Member of the Maryland Senate from the 1st district
- In office January 10, 2007 – January 11, 2023
- Preceded by: John J. Hafer
- Succeeded by: Mike McKay

Minority Leader of the Maryland House of Delegates
- In office January 8, 2003 – January 10, 2007
- Preceded by: Al Redmer
- Succeeded by: Tony O'Donnell

Member of the Maryland House of Delegates from the 1A district
- In office January 12, 1983 – January 10, 2007
- Preceded by: DeCorsey E. Bolden
- Succeeded by: Wendell Beitzel

Personal details
- Born: George Clayton Edwards April 9, 1948 (age 78) Grantsville, Maryland, U.S.
- Party: Republican
- Education: Fairmont State University (BS)

= George C. Edwards =

American politician

George Clayton Edwards (born April 9, 1948) is an American politician who previously served as a member of the Maryland Senate from District 1.

==Background==
Edwards was elected as the State Senator for Maryland District 1 in 2006, which covers Garrett County and parts of Washington and Allegany counties. He defeated Thomas Conlon, both of whom ran for the seat vacated by John J. Hafer who retired after 16 years in the State Senate.

==Education==
Edwards attended Northern High School in Accident, Maryland. He received his Bachelor of Science in business administration from Fairmont State College, cum laude in 1970. He later attended Frostburg State University to get his teacher's certificate.

==Career==
After college, Edwards was drafted by the Baltimore Colts. He served in the National Guard for six years. He has been active in Garrett County Economic Development Corporation and the Maryland Association of Counties.

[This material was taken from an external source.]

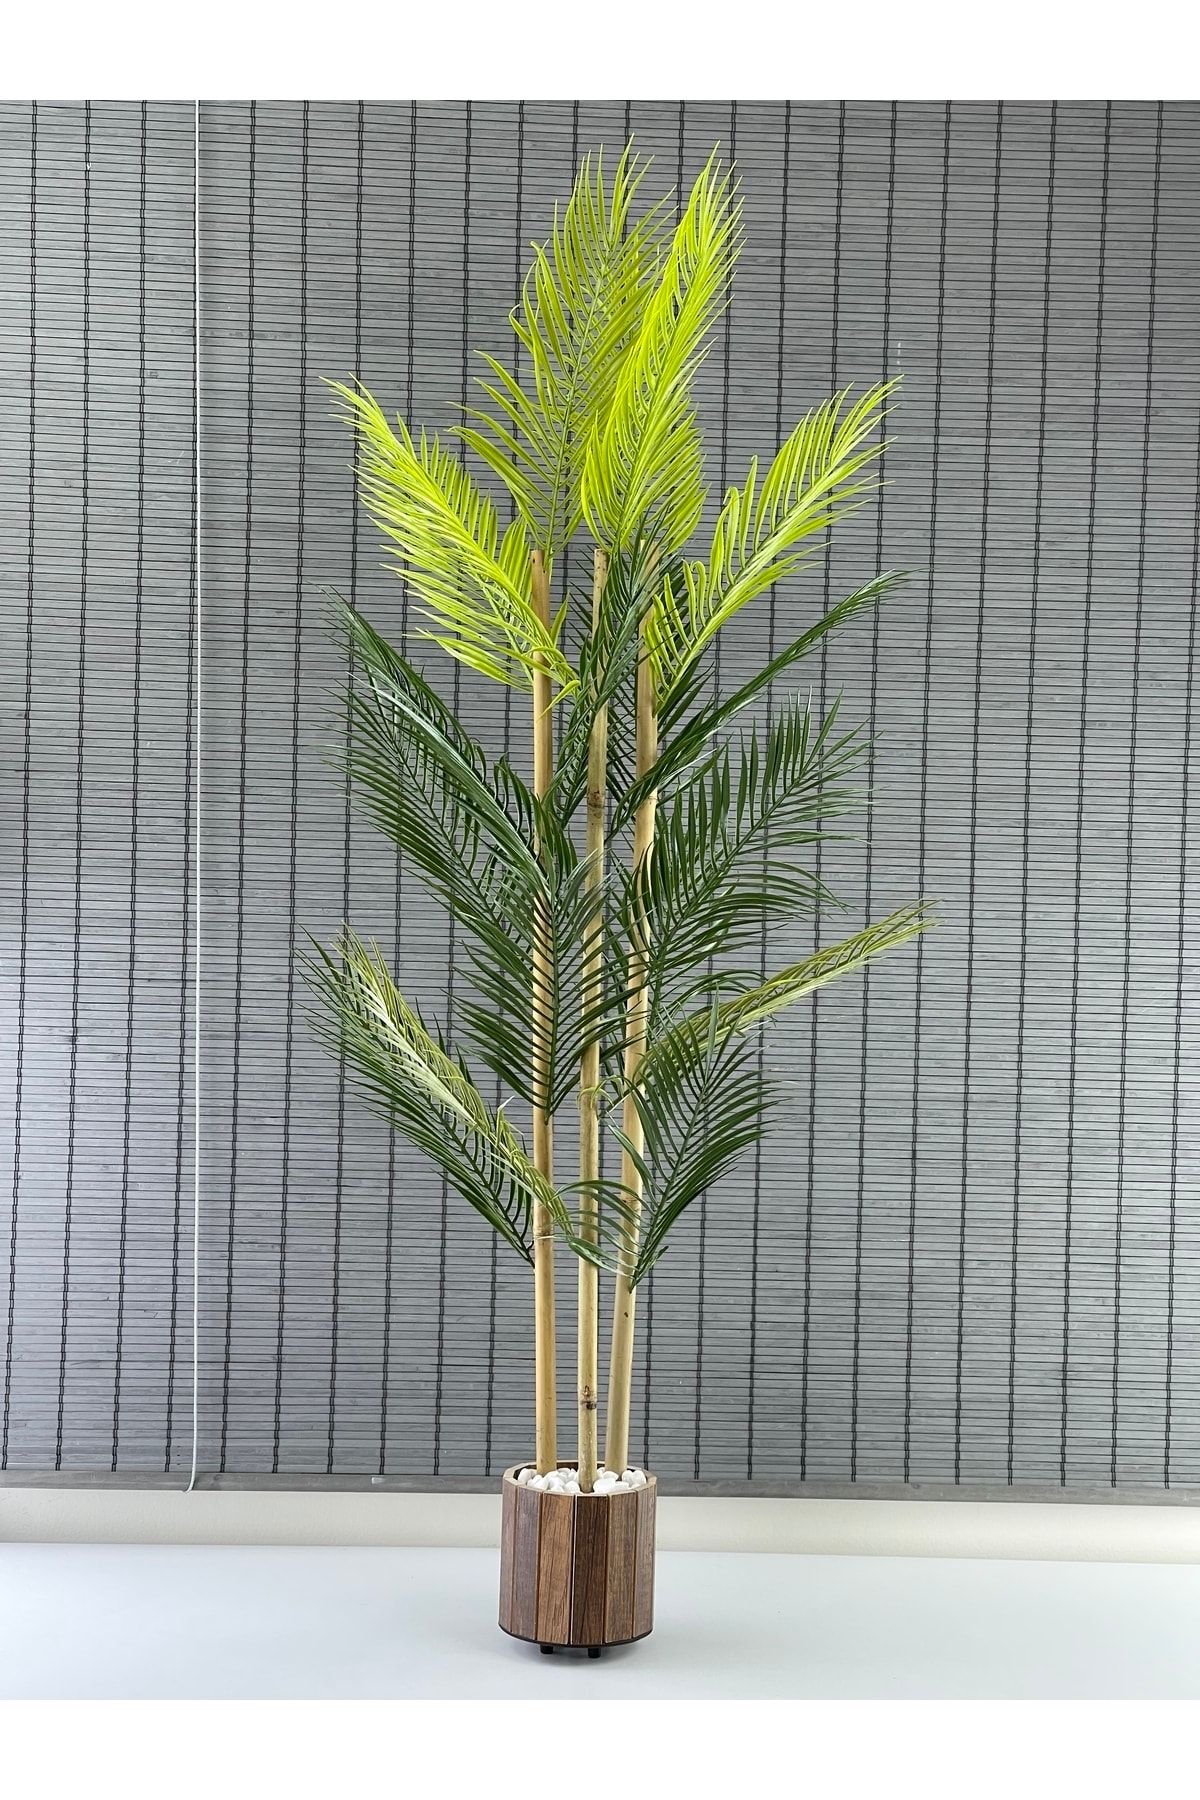 Bahçem Yapay Çiçek Areka Ağacı Palmiye Ağacı Bambu Gövdeli Ahşap Saksılı 18 Yaprak 125 Cm
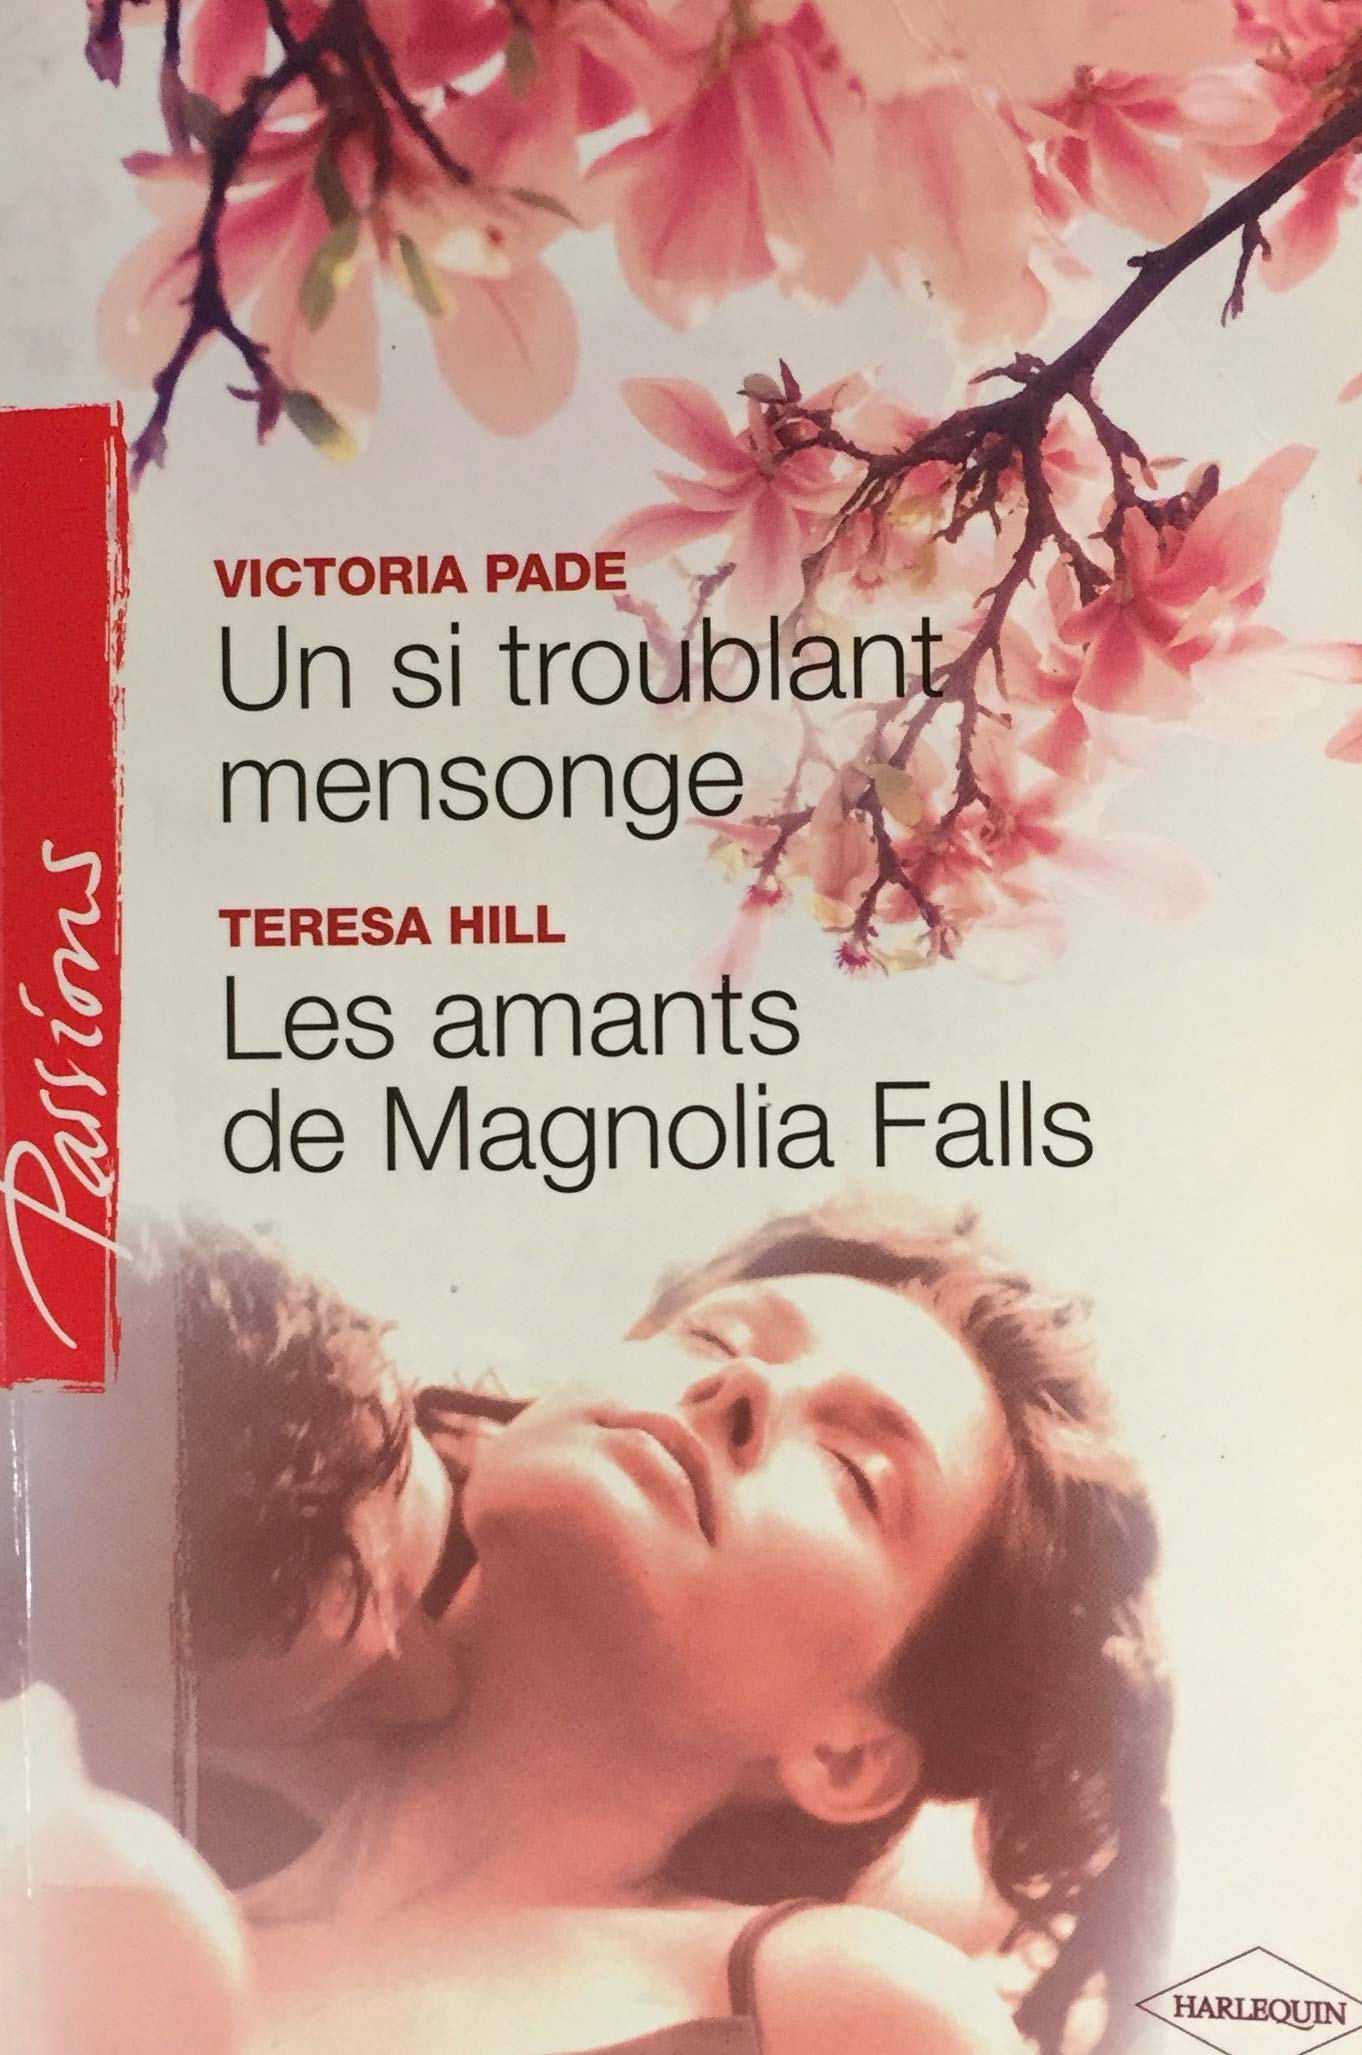 Livre ISBN 0373378742 Passions (Harlequin) : Un si troublant mensonge – Les amants de Magnolia Falls (Victoria Pade)

Edwards was first elected to the Maryland House of Delegates in 1982 and served for 24 years before running and winning the State Senate seat. As a member of the House of Delegates, Edwards was the Minority Leader from 2003 to 2007.

Serving in the Maryland Senate since 2007, Edwards announced in July 2021 that he would not seek reelection in 2022.

He is a member of the National Rifle Association, the Lions Club, the American Legion, and the Fraternal Order of Police.

==Legislative record==

In 2016, legislation was introduced in the Maryland Senate (SB 361) that would require the disclosure of fracking chemicals during a liability suit involving harm or injury to persons from gas drilling and fracking operations. The bill also required higher insurance coverage for gas companies. Edwards introduced amendments that would reduce the liability insurance requirements and limit chemical disclosure. After several days of public outcry from his district, including letters and emails from more than 350 citizens and businesses, Edwards withdrew the amendments. The final bill passed out of the Senate.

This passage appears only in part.